2. Description of the Related Art
Nitride based semiconductor materials represented by GaN, InN, AlN and mix crystal semiconductor thereof are used to build a prototype of a semiconductor laser device emitting light in a range from blue color through ultraviolet. FIG. 10 shows a nitride semiconductor laser device lasing with a wavelength of 405 nm, as reported by Masaru KURAMOTO et al., Japanese Journal of Applied Physics, vol. 38, pp. L184-L186, 1999. This semiconductor laser device includes a substrate 901 of n-GaN (of 100 μm in thickness) and thereon a lower clad layer 902 of n-Al0.07Ga0.93N (of 1 μm in thickness), a lower guide layer 903 of n-GaN (of 0.1 μm in thickness), a triple quantum well active layer 904 of In0.2Ga0.8N (of 3 nm in thickness) /In0.05Ga0.95N (of 5 nm in thickness), a cap layer 905 of p-Al0.19Ga0.81N (of 20 nm in thickness), an upper guide layer 906 of p-GaN (of 0.1 μm in thickness), an upper clad layer 907 of p-Al0.07Ga0.93N (of 0.5 μm in thickness) and a contact layer 908 of p-GaN (of 0.05 μm in thickness), successively stacked, with an electrode 909 provided thereon and thereunder. Furthermore, an end surface mirror is provided by cleavage. This laser device has active and guide layers posed between clad layers to have a waveguide structure. The active layer emits light, which is in turn confined in this waveguide structure, and the end surface mirror functions as laser resonator mirror to provide a lasing operation.
This conventional semiconductor laser device as described above, however, is disadvantageous, as follows: the present inventors fabricated a semiconductor laser device having the aforementioned structure and have found that in a waveguide portion at an end surface mirror an epitaxially grown layer (each semiconductor layer upper than substrate 901) can have a cross section, a region in a vicinity of a front surface (i.e., a surface opposite to the substrate) in particular, failing to have a satisfactory cleavage plane. Herein an “unsatisfactory cleavage plane” means that an epitaxially grown layer forming a waveguide has a step offset from a vertical cross section or there exists a plane different in angle from a cleavage plane of the GaN substrate or there exists a rolling portion. The present inventors observed this portion in detail and have found that in particular at the active layer, cracking varies, and from the active layer through the front surface, the cracking is often observed different than in the remainder.
A semiconductor laser device has an end surface mirror provided by externally exerting a force along a scratch on a wafer to warp and thus divide the wafer at a predetermined position.
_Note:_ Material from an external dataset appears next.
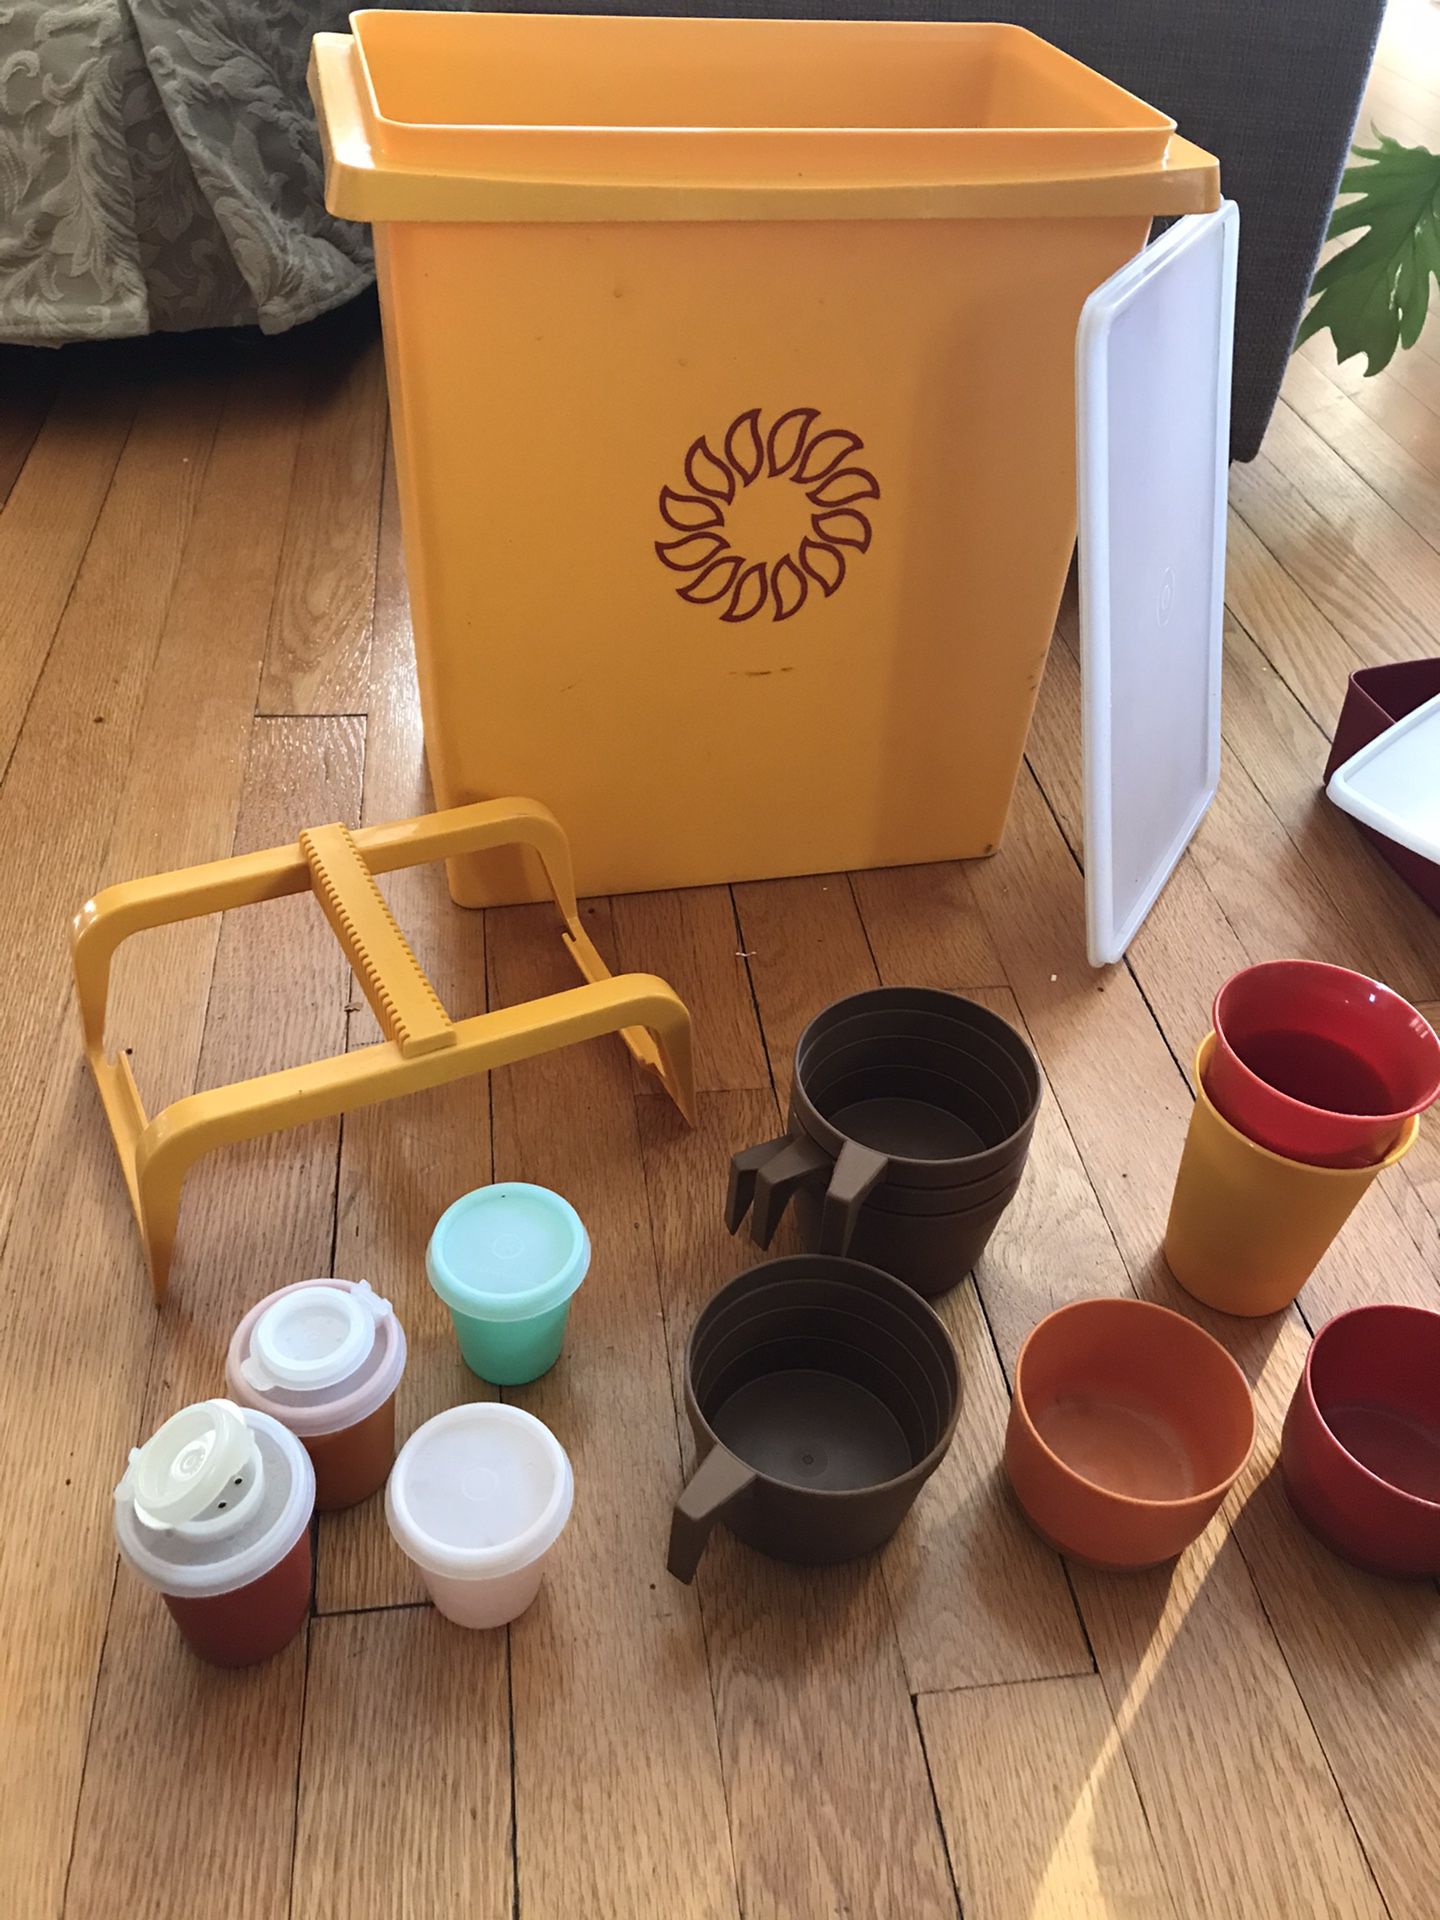 Vintage Tupperware Canister Set Red Tulip Rare for Sale in Chatham, NY -  OfferUp

As such, the wafer particularly has a surface and therearound receiving a large magnitude of force exerted thereto and thus considered as cracking in a more complicated manner than the interior of the wafer. Possibly for the aforementioned semiconductor based semiconductor laser device this issue was not noted in designing the structure of a layer provided in a vicinity of an active layer formed in a vicinity of the wafer surface and it is thus believed that cracking tends to vary at the active layer of InGaN.
The conventional technology can thus fail to provide a satisfactory end surface mirror. Thus not only does mirror reflectance variation vary a threshold value, differential efficiency and other similar device characteristics but also a light radiation surface roughened prevents a far field pattern (FFP) from being smoothly unimodal, and a split peek, ripple or other impaired optical characteristics would be introduced. Such a FFP abnormality is not preferable as it results in insufficiently condensed light in application for example to an optical pickup in particular and in an extreme case causes stray light.